Treated greywater—wastewater produced from households without toilet water but including water from bathtubs, showers, hand basins, laundry machines, and kitchen sinks—is another nonconventional water resource that can reduce water scarcity [14, 21–25]. It accounts for about 75% of the domestic wastewater, although it could be up to 100% if dry latrines are used [26, 27]. Blackwater—toilet water—represents a smaller fraction of the domestic wastewater and has higher nutrient content than COD-rich greywater [28]. Because of that, it can be beneficial to separate them at the source, leading not only to greywater reuse but also to possible blackwater and kitchen waste combined disposal [29]. While greywater separation and reuse have clear advantages, poor management could cause environmental or human health problems [30-32]. One example of a poor manager is poor storage, which might turn greywater septic in 1-2 days, causing odors and deteriorating quality [32]. Another is cross-contamination with blackwater. Even infractions as minor as 6-8% further treatment might be required [33].

The reuse of wastewater is a contested subject worldwide [34, 35]. For instance, Dolinčar and Saunders [36] reported that the acceptance of recycled water use varies with education, age, income, and gender. Acceptance also varies across the globe. Abdelrahman et al. [37] showed that the majority of the public (55%) in the United Arab Emirates agreed to use treated wastewater for irrigation of nonfood crops but refused to use it for irrigation of food crops (66%). In the Omanite Muscat Governorate, 76% of the population accepted reusing greywater for gardening, 66% for toilet flushing, and 53% for car washing [38]. In Turkey, respondents to a nationwide questionnaire were concerned with the health risks of reused greywater. Still, they accepted its reuse for applications without close personal contact like toilet flushing, cleaning roads, or construction [39].

Public dissemination campaigns are necessary if we want the general public to be (1) aware of the risks and benefits of greywater reuse and (2) supportive of it. When it comes to water reuse projects, it is necessary to work with the public from the beginning, mainly if drinking is one of the intended options [40]. In a review of greywater reuse, Radingoana et al. [41] indicated that public acceptance is as much a key factor for the success of these projects as the technical aspects. They also suggested that communicating best practices on treatment and reuse to local communities is one of the most important steps towards securing a sustainable water supply in rural areas. As necessary as supplying technical information in an accessible manner might be, however, water reuse also requires personal engagement on the part of the citizens. Campaigns with attitude-related messages—e.g., greywater reuse will protect water resources—and personal norm-related ones—treatment systems are the norm—were found to be more successful in this regard [42].
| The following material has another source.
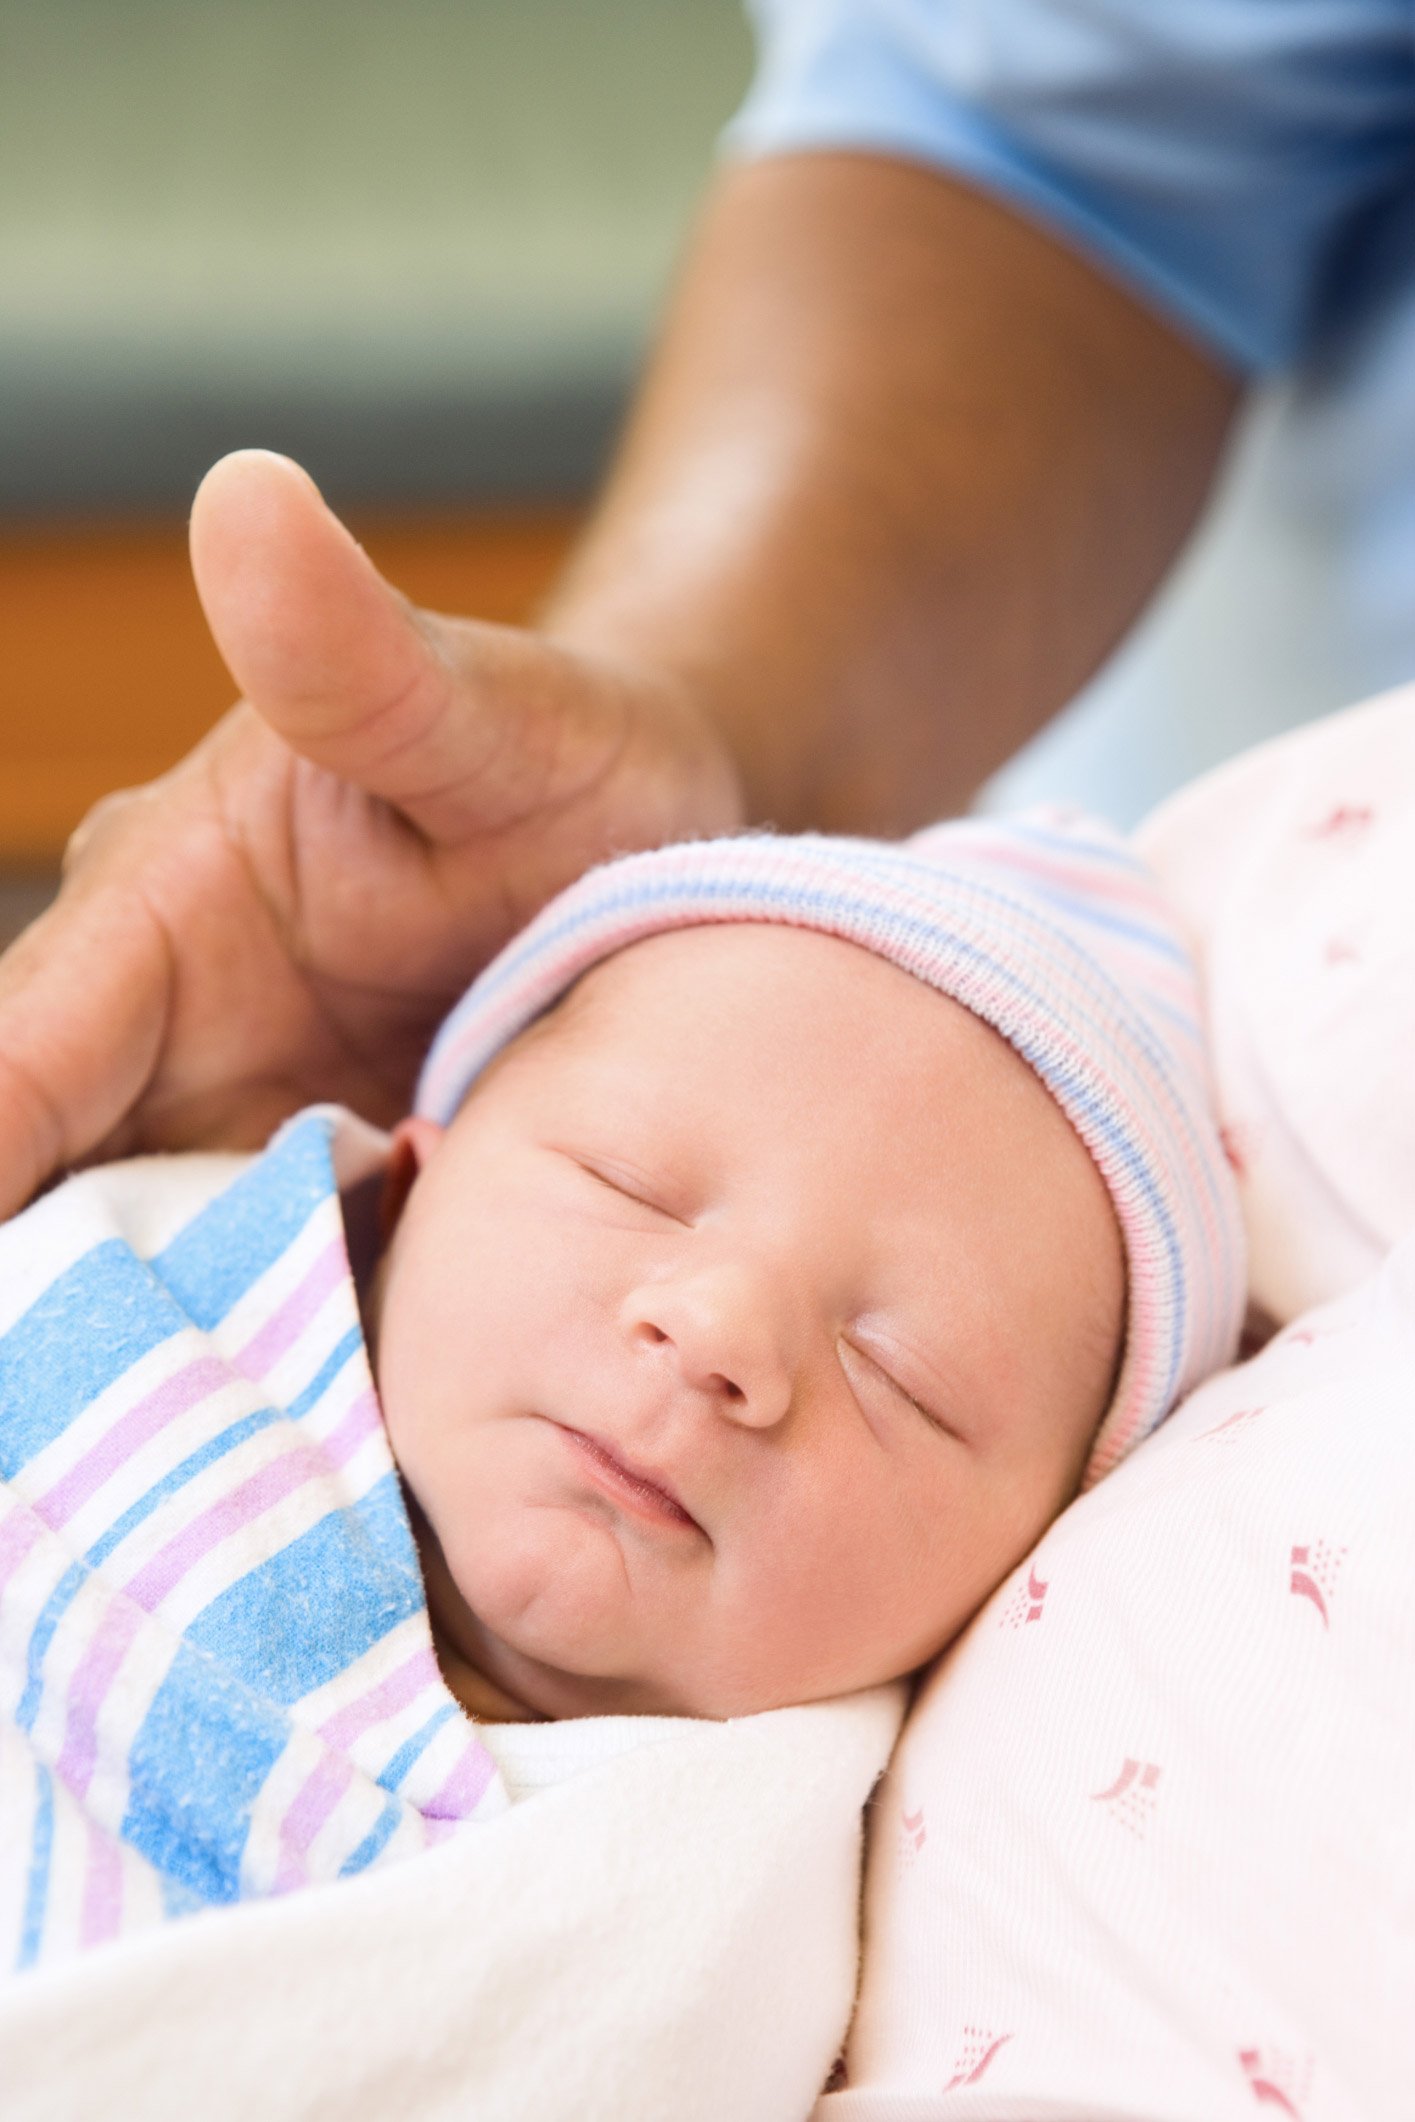 Treating Low Blood Sugar in Newborns

In the Palestinian territories, greywater represents about 80% of total domestic wastewater [43]. In rural areas, 90% of households separate greywater and use it without treatment in their home gardens, while blackwater is directed to the cesspit [44]. This use of untreated wastewater may cause environmental and health problems: polluting soil and groundwater, creating offensive smells, and transmitting waterborne diseases [45]. The reuse of greywater outside of households increased from 2009-2012. Most of the new governmental buildings included wastewater treatment plants and used the treated water for irrigation [46]. For example, in Bethlehem, Nablus, and Ramallah, the police car maintenance centers have two treatment plants each. One is for wastewater, and its treated effluent is used for irrigation [47]. The other treats car washing water, reusing its effluent for the same purpose [48, 49]. Similar technologies have also been implemented within public buildings in neighboring countries [50]. According to Al-Khatib et al. [51], although there exists a strategy about water reuse (Decree No.14, 2014), the guidelines on using treated wastewater remains missing in the Palestinian water law, thus hindering its implementation.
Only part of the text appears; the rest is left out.